In ambito di diritto di famiglia, la Suprema Corte di Cassazione nella recente ordinanza n. 19540 ha ribadito l’ormai consolidato orientamento secondo cui la revoca del consenso da parte di uno dei coniugi non comporta l’improcedibilità della domanda congiunta di divorzio.

Contrariamente a quanto accade in sede di separazione consensuale – dove la revoca del consenso comporta il venir meno dell’accordo tra le parti, requisito indispensabile ai fini dell’accoglimento della domanda – nel caso in cui una parte dovesse decidere di revocare il proprio consenso alla domanda congiunta di divorzio, non sarebbe comunque precluso al Giudice l’accertamento della sussistenza dei presupposti per la pronuncia di divorzio. 

Le ragioni sottostanti a tale orientamento sono da individuare nella natura propria del procedimento di divorzio, radicalmente diversa da quello di separazione. Secondo la Cassazione, il ricorso volto ad ottenere una pronuncia sullo scioglimento o sulla cessazione degli effetti civili del matrimonio non ha natura prettamente negoziale, ma ha natura in primis ricognitiva. 

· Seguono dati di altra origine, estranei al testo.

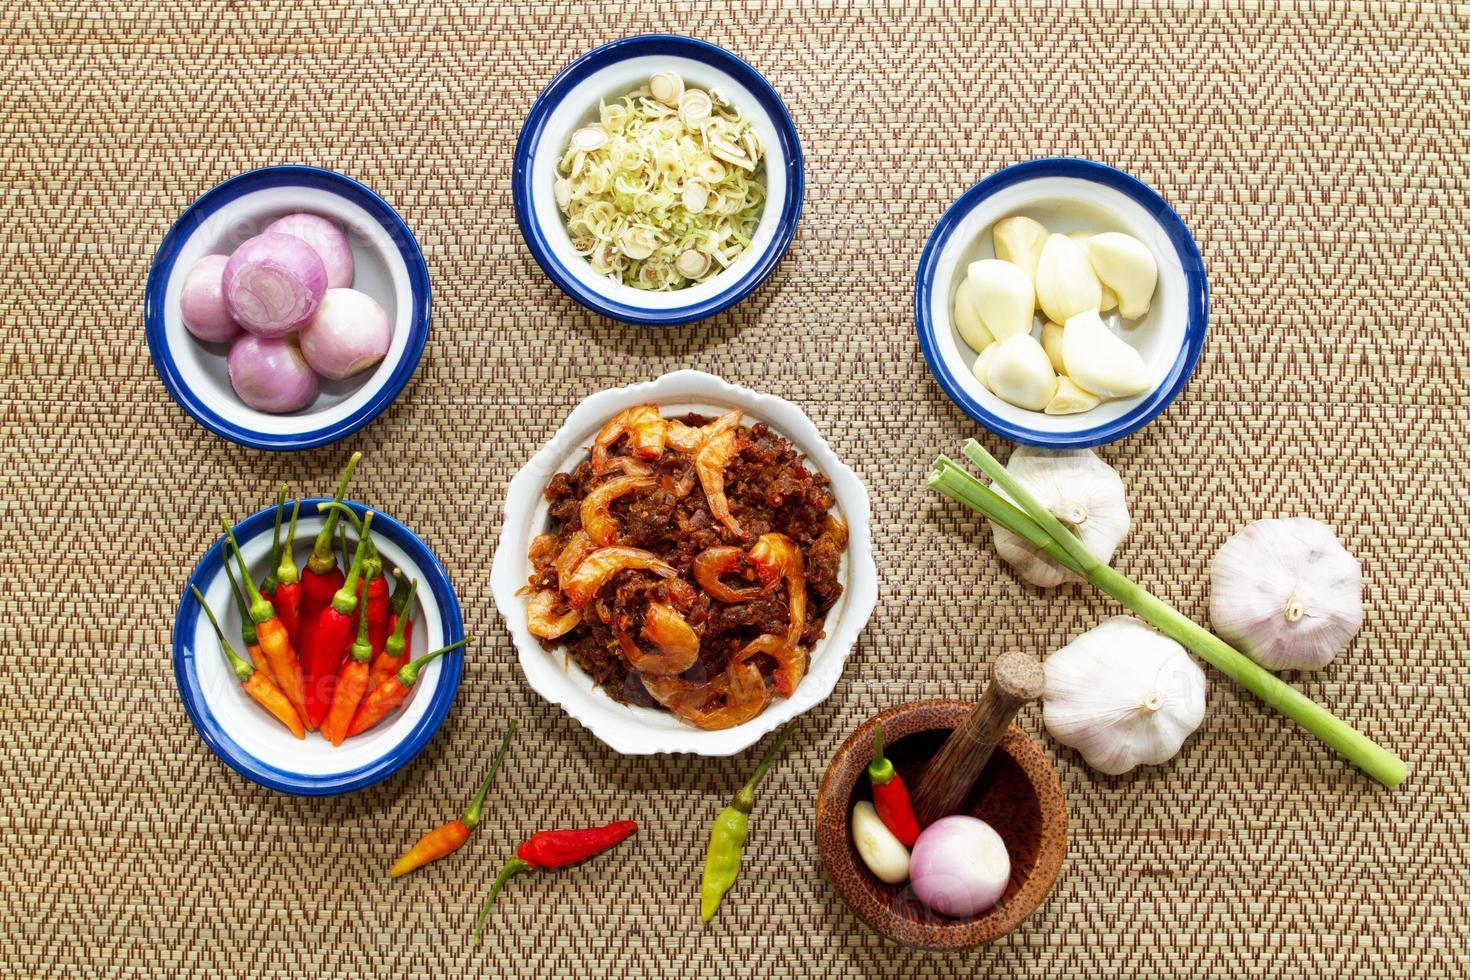 saus van garnalenpasta en chili met verse groenten foto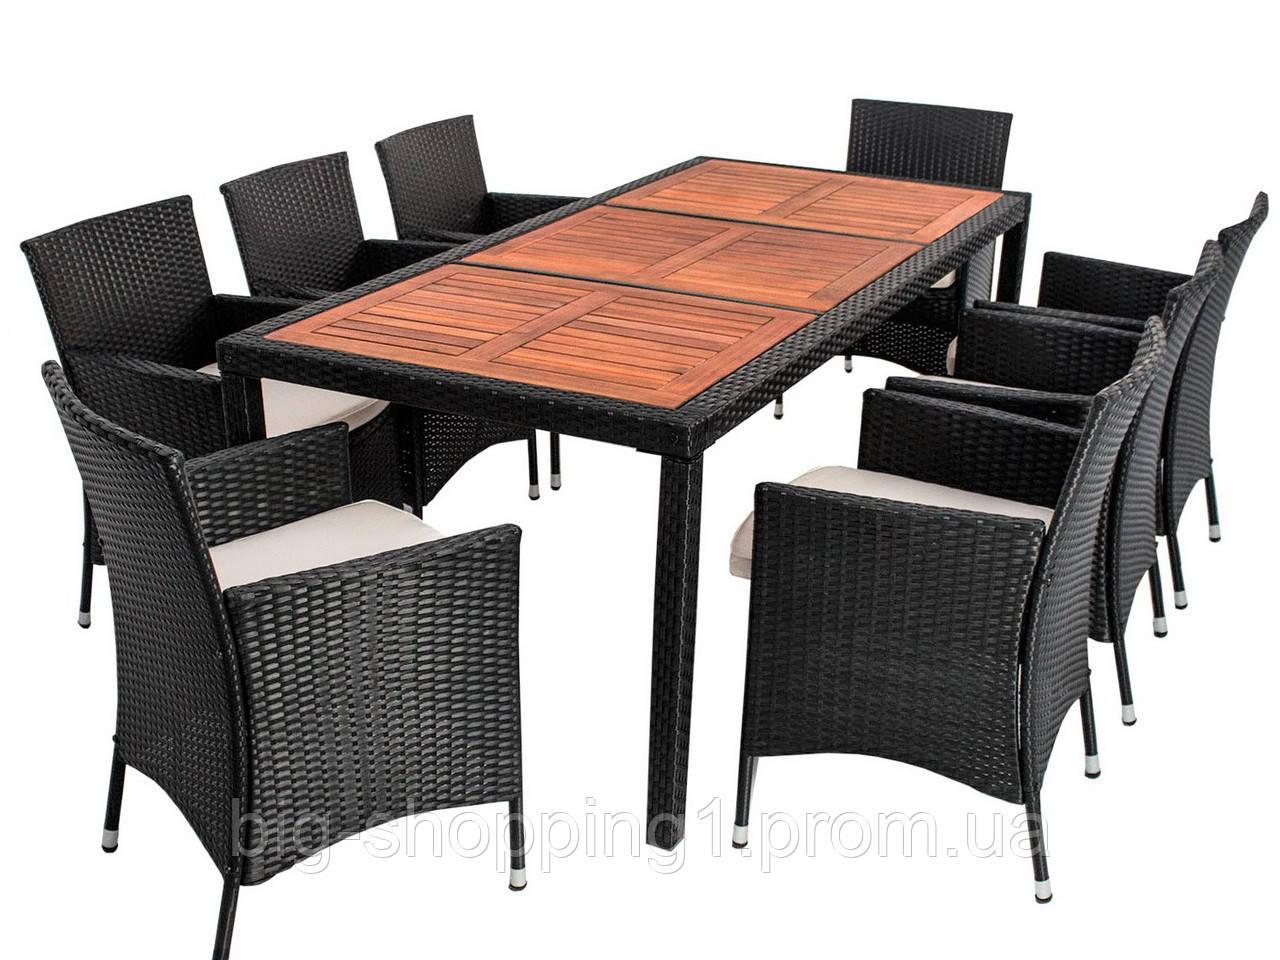 Мебель садовая : стол (стекло или дерево)+8 крісел

In conclusione, la revoca del consenso prestato nell’accordo di separazione consensuale rende inammissibile la domanda, ma il ritiro della dichiarazione ricognitiva non è di impedimento al Tribunale per procedere alla verifica della sussistenza dei presupposti necessari per la pronuncia di divorzio e l’emissione della relativa sentenza.